In Japanese corporate culture, there’s an expression: enpitsu wo nameru (鉛筆をなめる) — literally, “to lick the pencil.” It originally described writing with care, moistening an old-style pencil tip to make lines clearer. Over time, its meaning shifted. Today it’s a euphemism for fudging numbers, adjusting figures, making the data say what you need it to say.
In 2024, Japan’s transport ministry discovered that Toyota, Honda, Mazda, Suzuki, and Yamaha had all falsified safety and emissions certification data — in some cases for over a decade. Toyota subsidiary Daihatsu’s internal probe found irregularities in 174 items across 25 test categories spanning 64 vehicle models. These weren’t rogue employees. Investigators found systematic data falsification running through multiple companies, quality certification bodies, and an accreditation system that looked the other way for years.
Now imagine you’re the litigation team on the other side of this. You’ve received a production of 2 million documents — internal emails, test reports, meeting minutes, engineering logs — in Japanese, English, and German. Somewhere in that corpus is evidence that an engineer wrote something equivalent to “we need to lick the pencil on the NOx figures.” Not those exact words. A euphemism, in an idiomatic register, possibly in a language the reviewing attorneys don’t speak, buried on page 47 of an 80-page engineering report, surrounded by thousands of pages of routine compliance documentation.

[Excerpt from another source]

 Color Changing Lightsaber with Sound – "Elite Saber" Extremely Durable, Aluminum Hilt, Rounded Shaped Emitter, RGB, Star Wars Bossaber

Every AI vendor in legal tech will tell you their tool can find it. The research says otherwise.
What Needle-in-a-Haystack Actually Tests#
The needle-in-a-haystack (NIAH) test is how the AI industry measures whether a model can find specific information in a large body of text. Greg Kamradt designed the original version in late 2023: insert a known fact into a long document at various positions and depths, then ask the model to retrieve it. When Anthropic released Claude 3 in early 2024, near-perfect NIAH scores were a headline feature. Context windows expanded to 200K, then 1 million, then 2 million tokens. The implication was clear: bigger windows, better retrieval, problem solved.

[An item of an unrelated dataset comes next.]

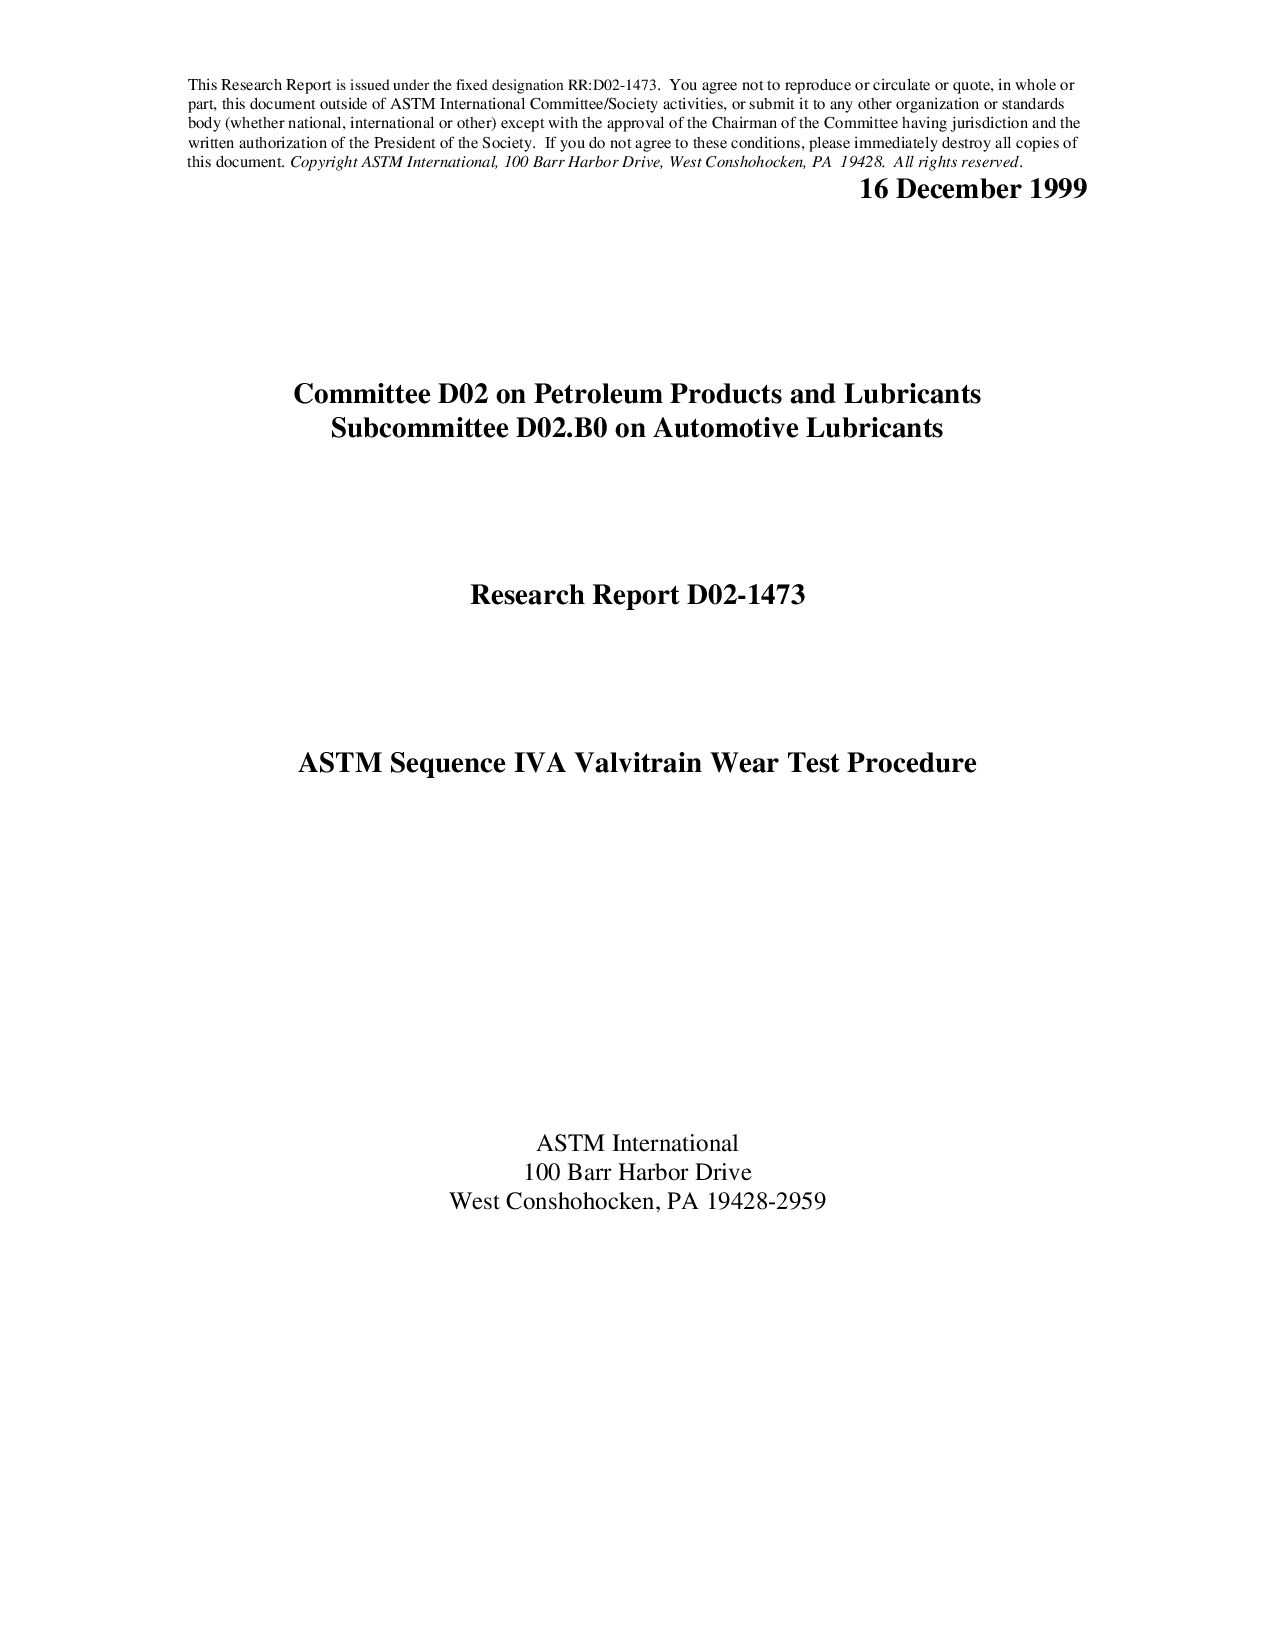 ASTM RR-D02-1473 1999封面图

The implication was wrong.
NIAH tests a narrow capability: lexical retrieval. The “needle” is a sentence with distinctive keywords. The question asks about those same keywords. The model pattern-matches surface-level text — useful for measuring whether it can physically attend to tokens at different positions, but nearly useless for real investigations, where the relationship between query and evidence is semantic.
The Benchmark That Matters: NoLiMa#
In February 2025, Adobe researchers published NoLiMa (No Literal Matching) — a needle-in-a-haystack variant that removes the lexical shortcut. Instead of asking a question that shares keywords with the needle, NoLiMa uses needle-question pairs with minimal word overlap. The model has to infer the connection.

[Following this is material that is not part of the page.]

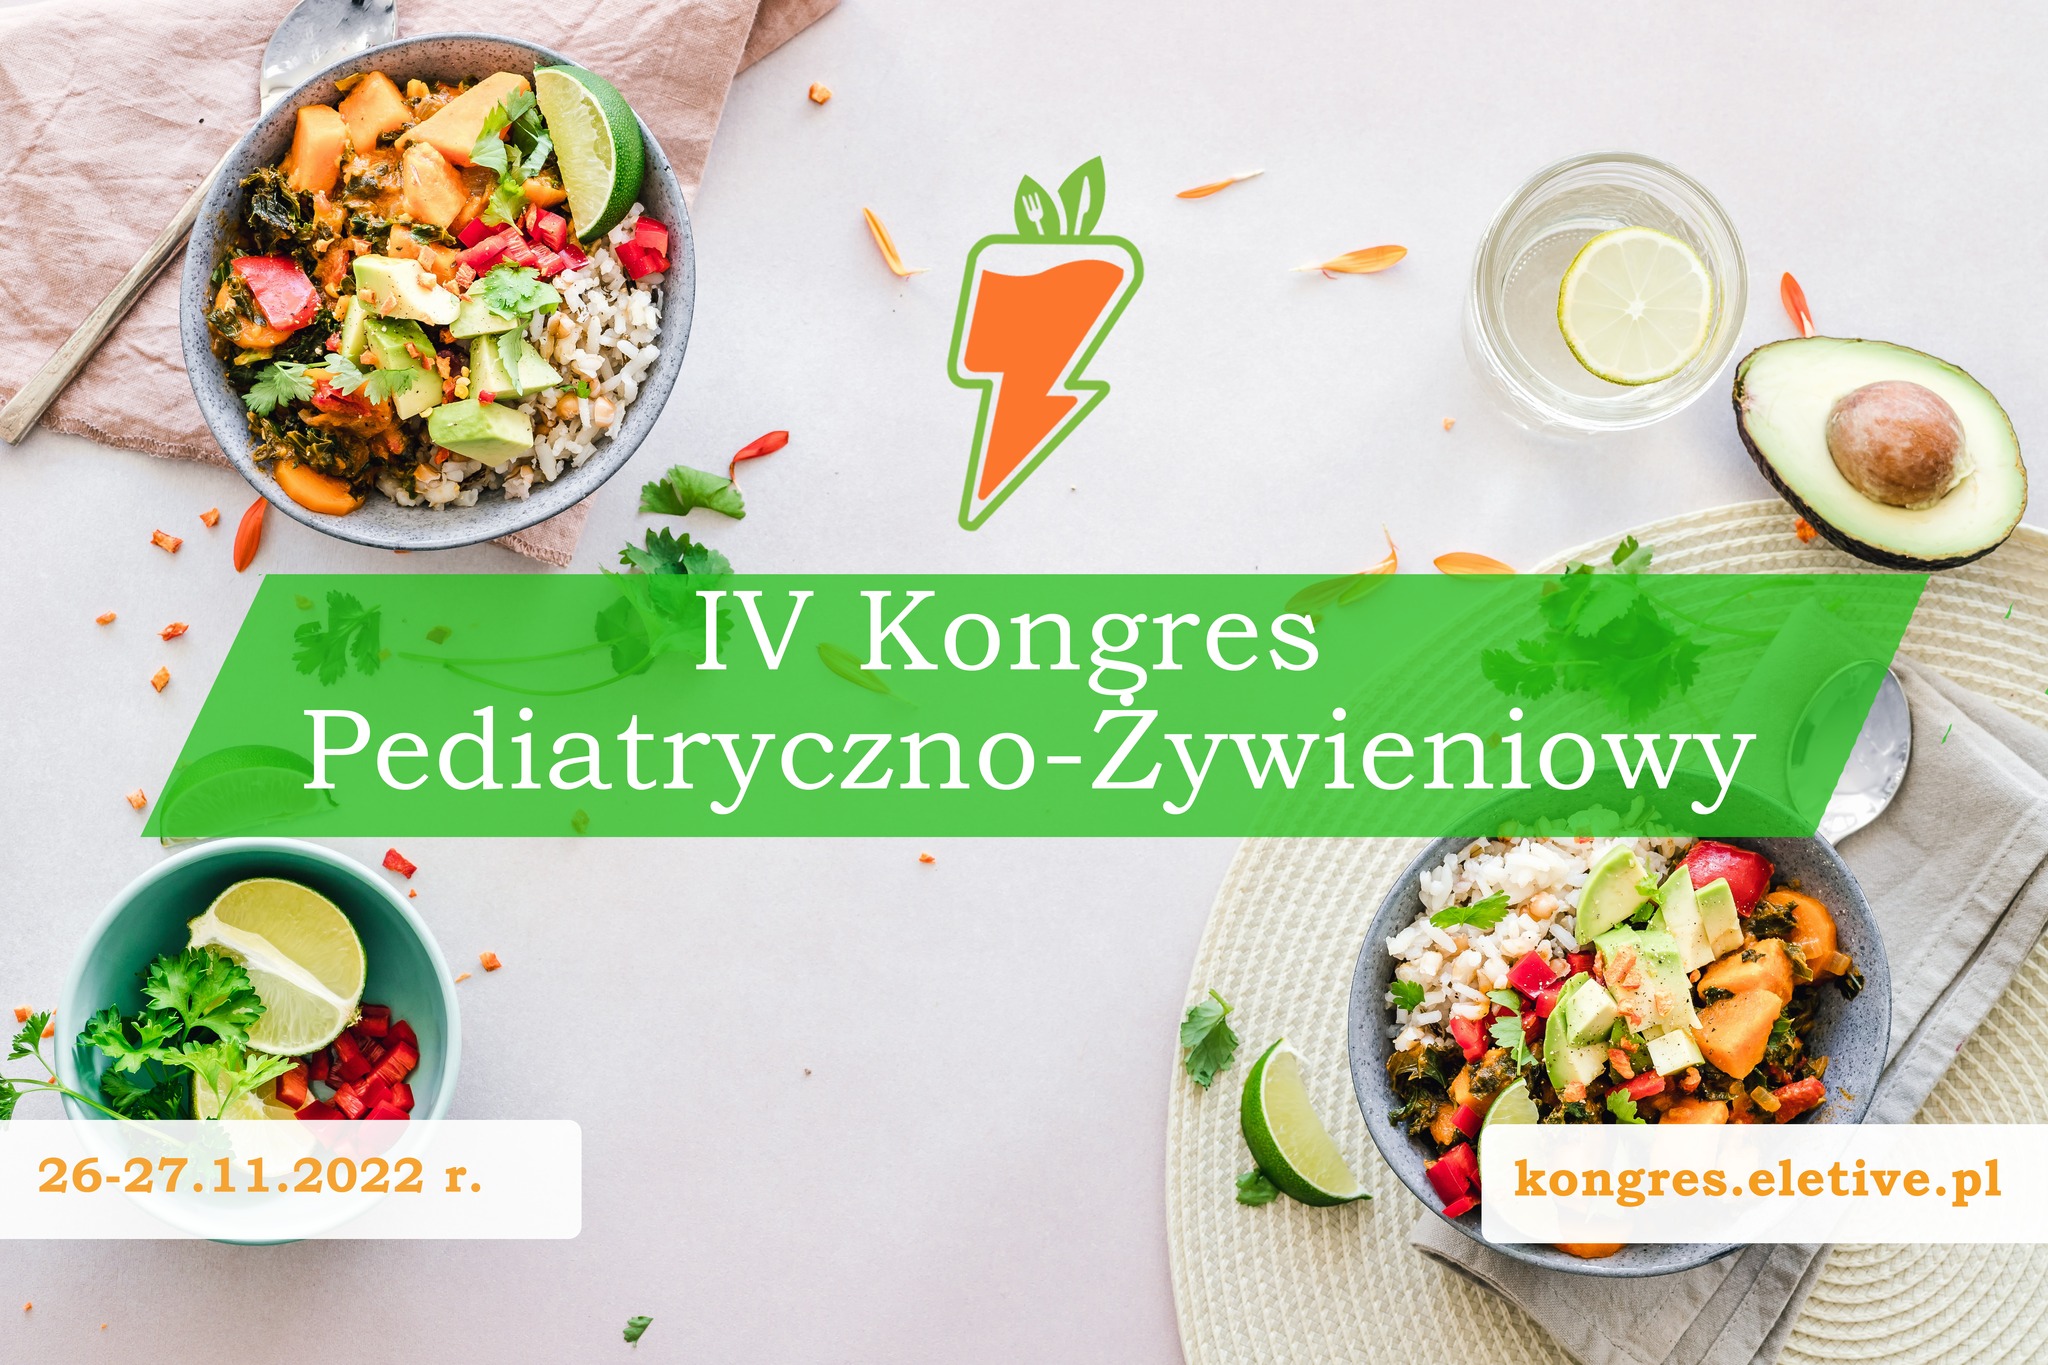 You are currently viewing IV Kongres Pediatryczno-Żywieniowy

One example from the paper: the needle states that a character “lives next to the Kiasma museum.” The question asks which character has been to Helsinki. To answer correctly, the model must know that Kiasma is in Helsinki — a latent association, not a keyword match.
Models that scored near-perfectly on standard NIAH showed significant performance drops on NoLiMa as context length increased. Even frontier models like GPT-4o degraded substantially when they couldn’t rely on word-level pattern matching. The paper was published at ICML 2025.
Nobody writes “I am committing fraud” in an email. They write “let’s adjust the baseline,” “the numbers need to be more competitive,” or — in a Japanese engineering report — enpitsu wo nameru.
Context Rot: More Tokens, Worse Performance#
In July 2025, Chroma published “Context Rot”: LLMs get measurably worse as input length increases, even on tasks that don’t get harder.
Chroma tested 18 frontier models — including GPT-4.1, Claude 4, Gemini 2.5, and Qwen3 — across controlled experiments that held task complexity constant while varying only input length. The findings:
- Every model tested exhibited performance degradation as input length grew.
- Lower similarity between the question and the answer accelerated the degradation. When the question and needle shared fewer words, performance dropped faster as context grew — precisely the scenario that matters for investigations.
- Distractors made it worse, but not uniformly. Text that was topically related to the needle but didn’t contain the answer — the kind of noise that fills every real document corpus — degraded performance in unpredictable, model-specific ways.
- The structure of the surrounding text mattered. When Chroma shuffled the haystack’s sentences to destroy narrative flow, model performance changed — suggesting that models attend to structural patterns, not just content.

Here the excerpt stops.